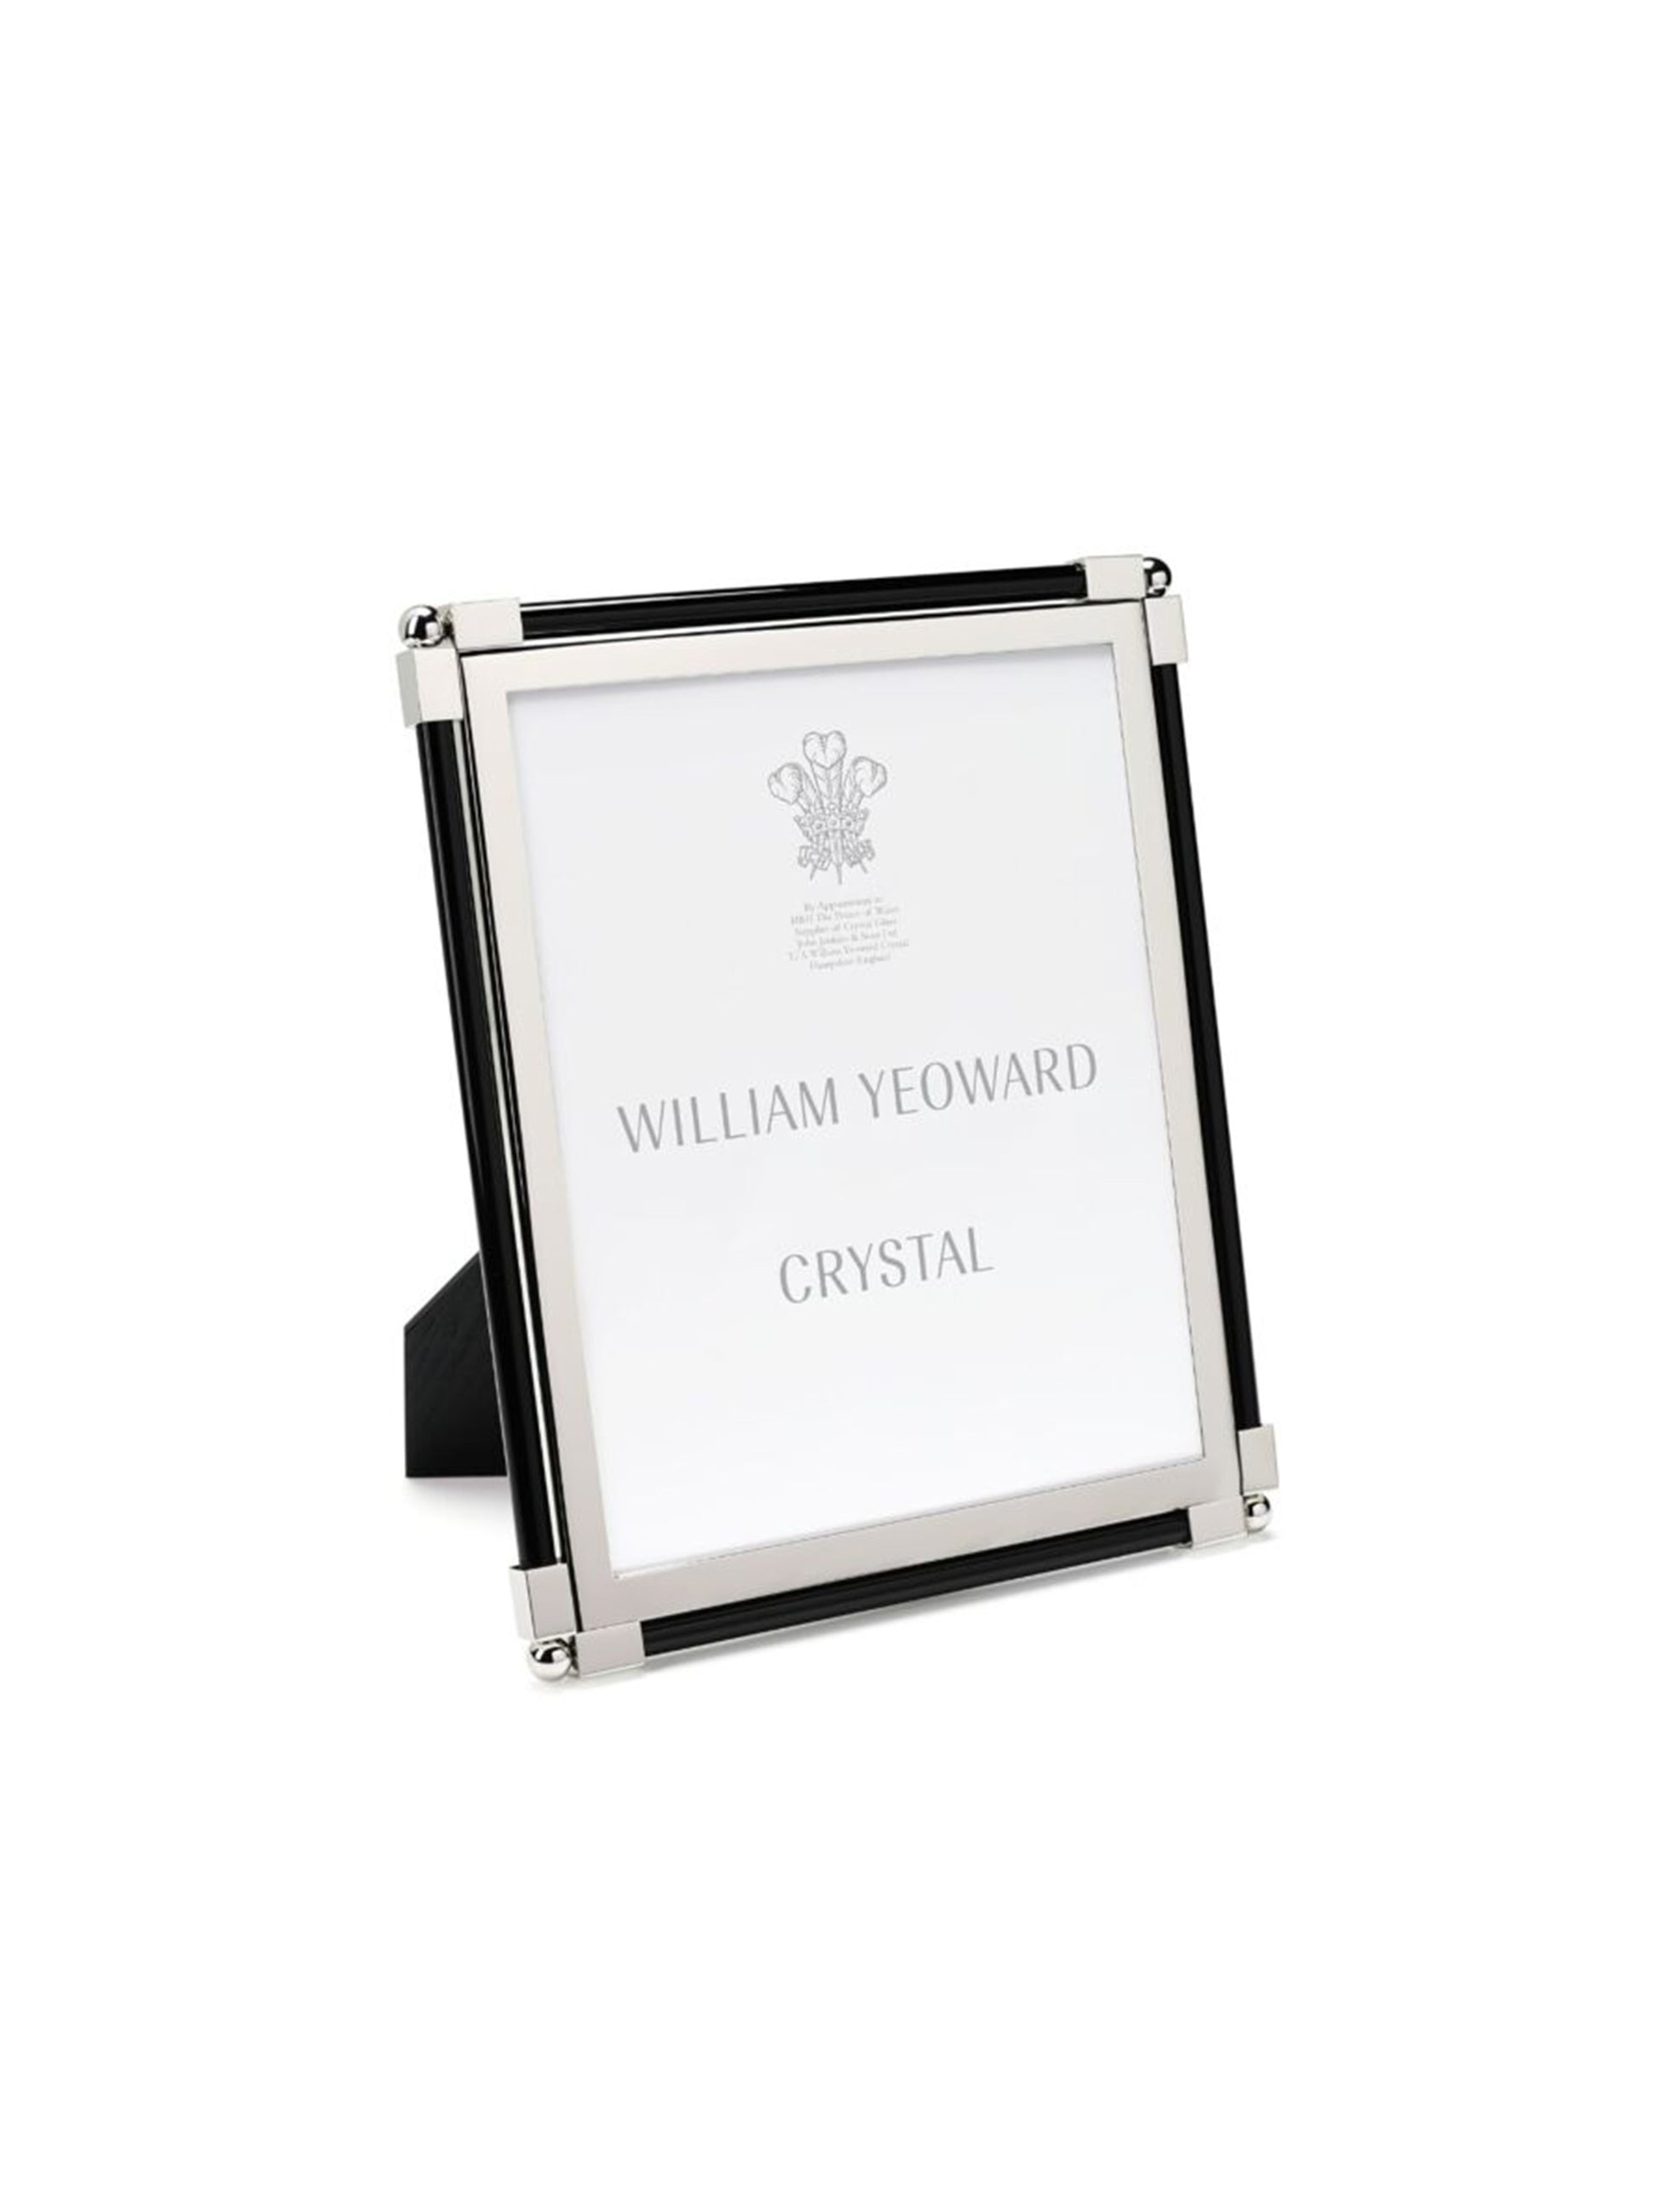 William Yeoward Crystal Classic Black Photo Frame 8 x 10 Weston Table
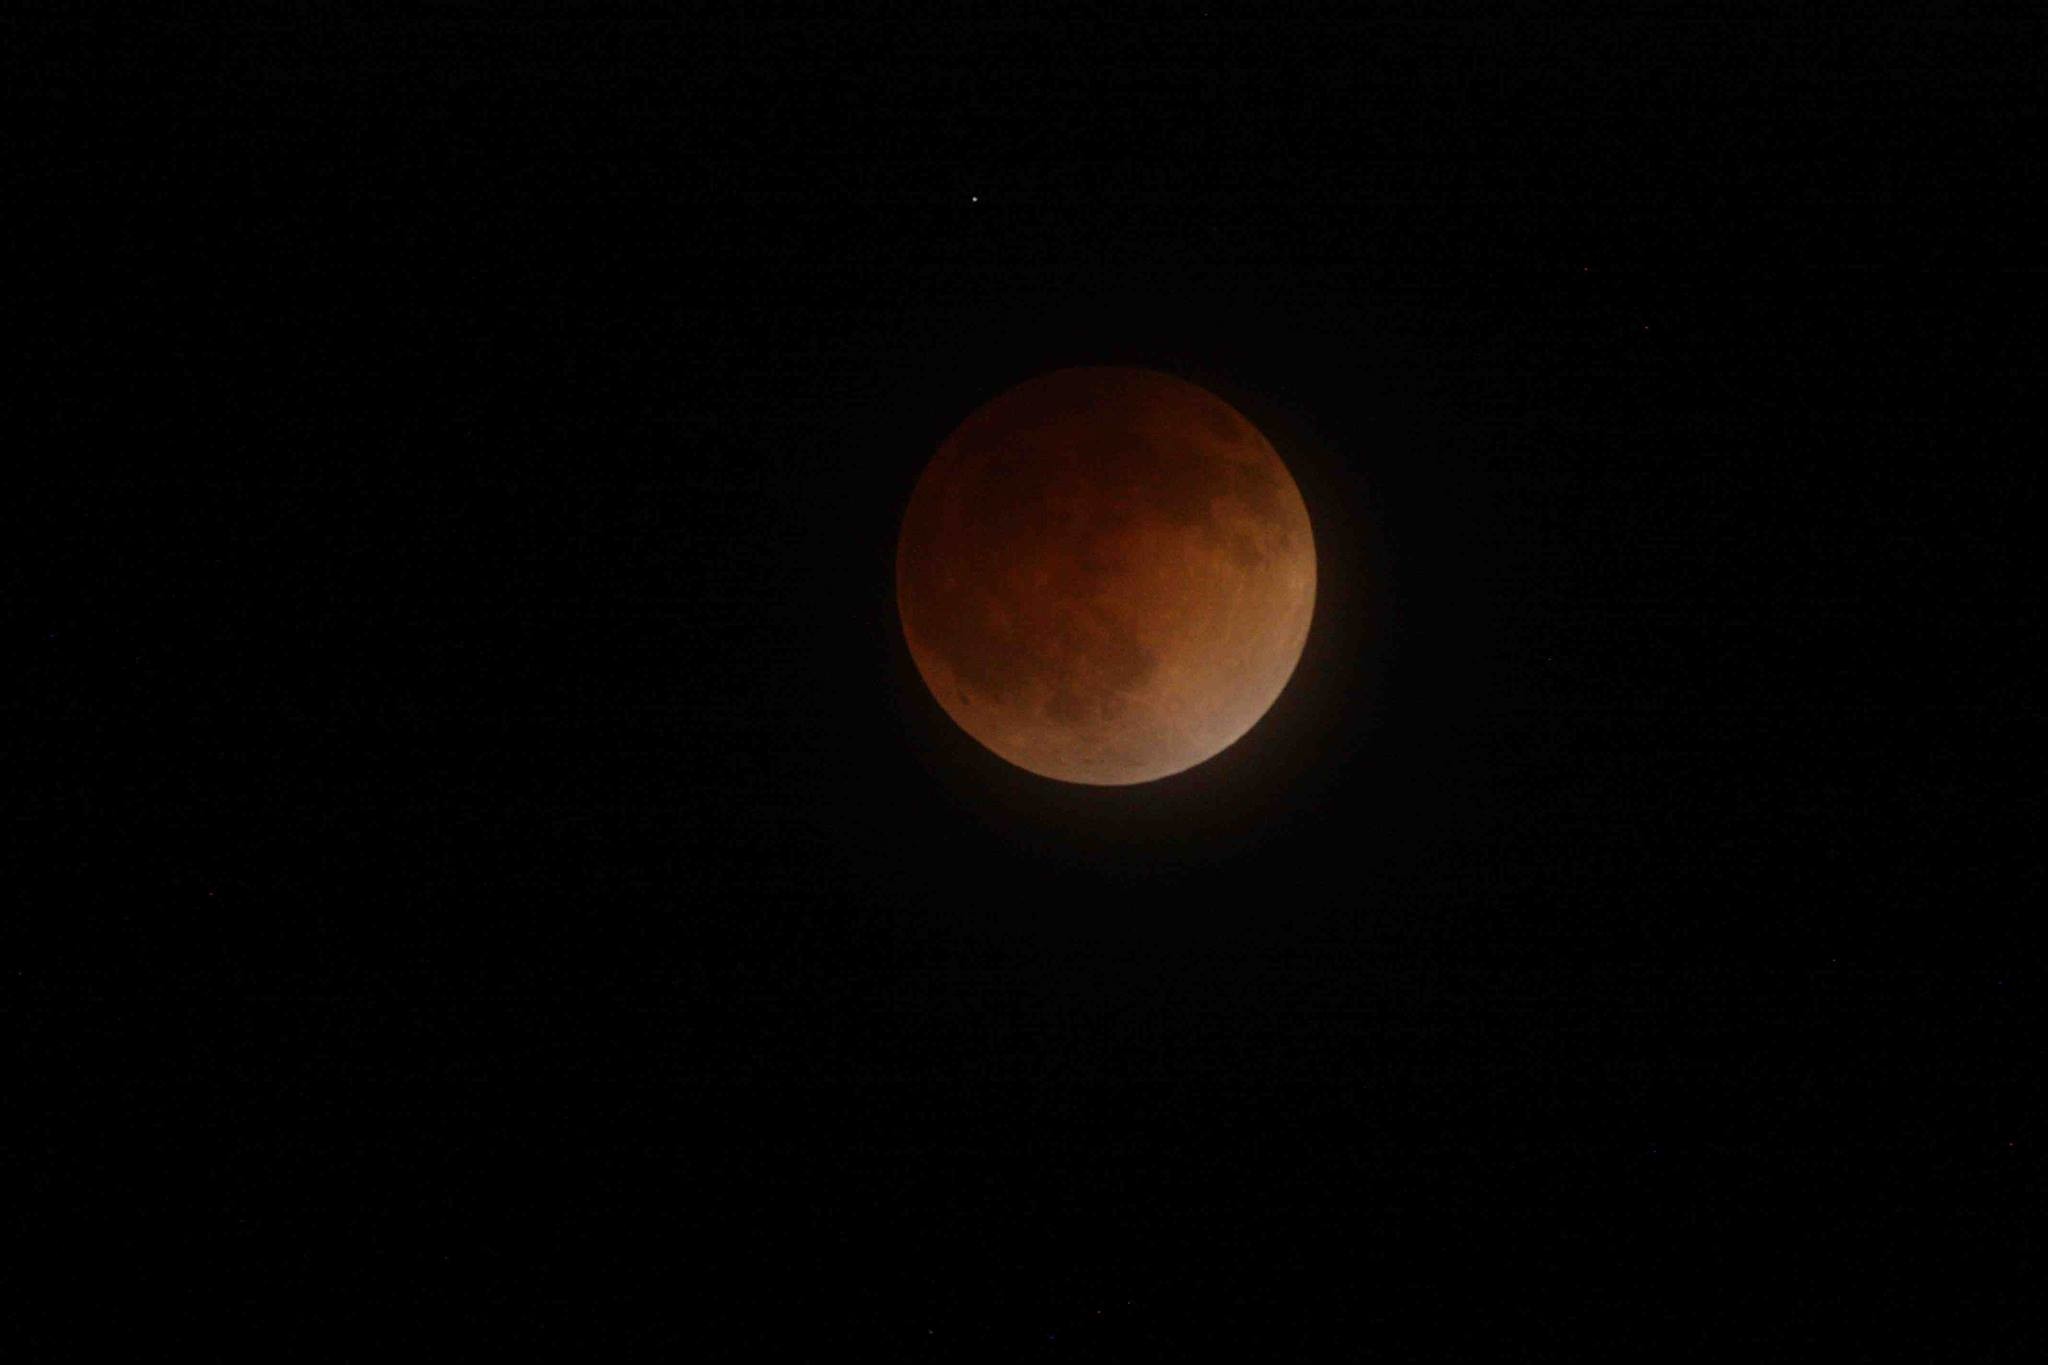 2048x1365 image of lunar eclipse
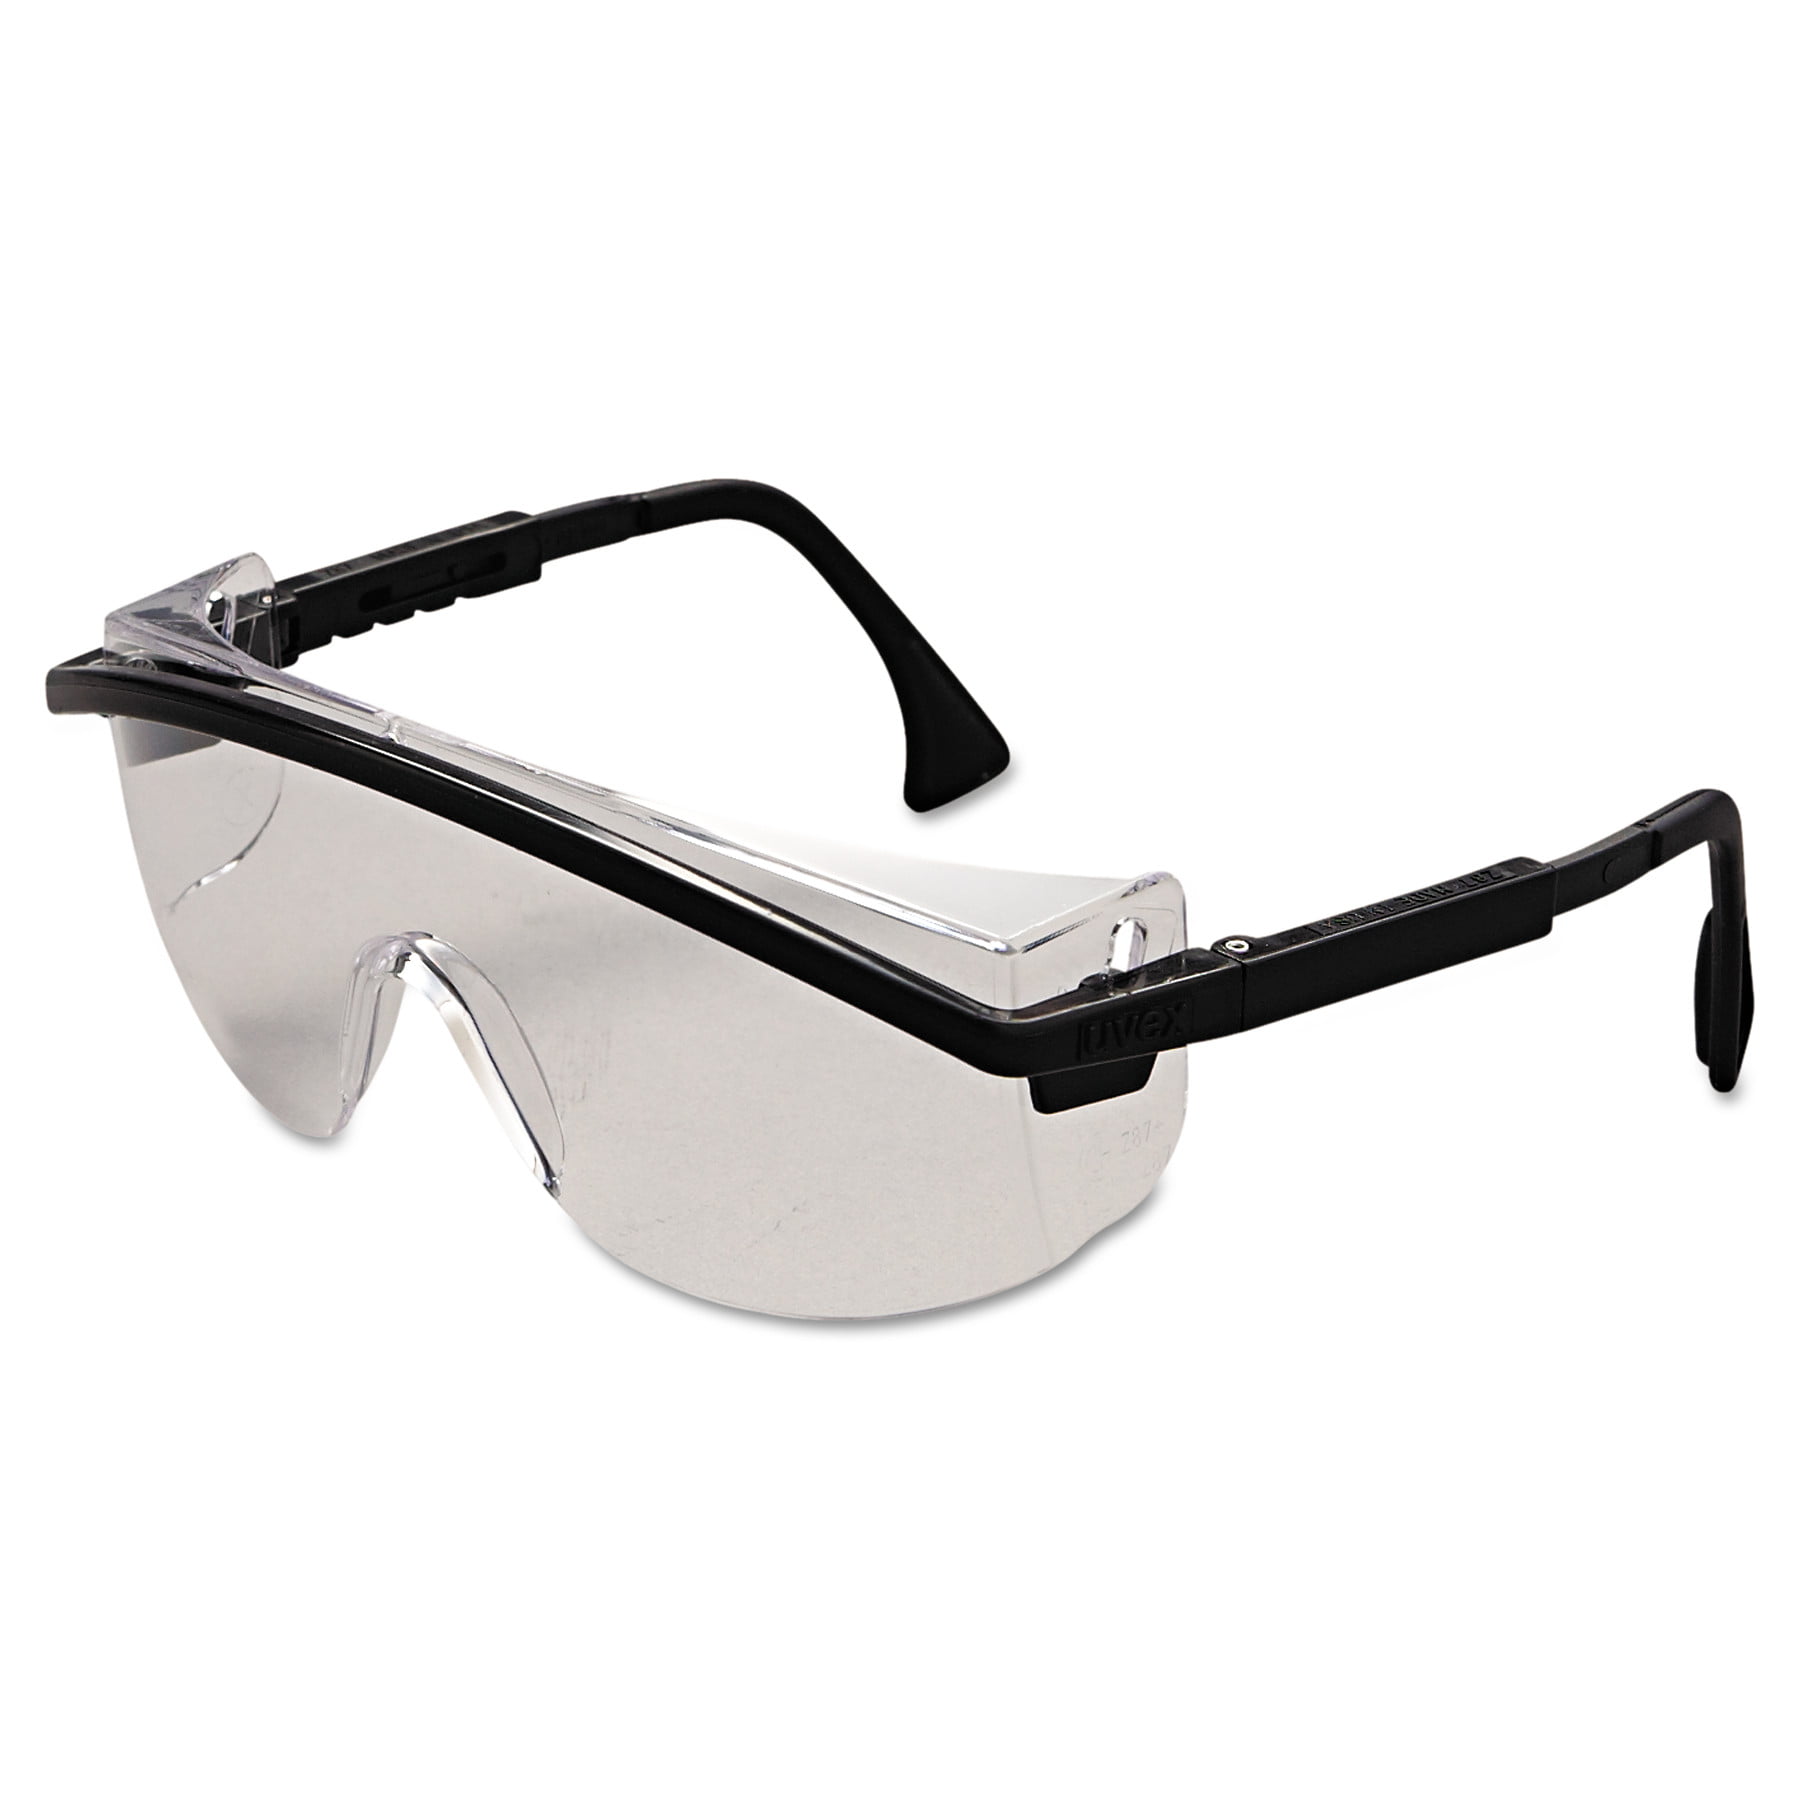 pairs  Safety Glasses anti fog UV protective  adjustable UVEX   SX0407Xgr 2

> [BRIEF]: Could each line of the data be written out exactly, with no pictures included?

> [SOLUTION TO THIS PROBLEM]:
 William Yeoward Crystal Classic Black Photo Frame 8 x 10 Weston Table
 2048x1365 image of lunar eclipse
 pairs  Safety Glasses anti fog UV protective  adjustable UVEX   SX0407Xgr 2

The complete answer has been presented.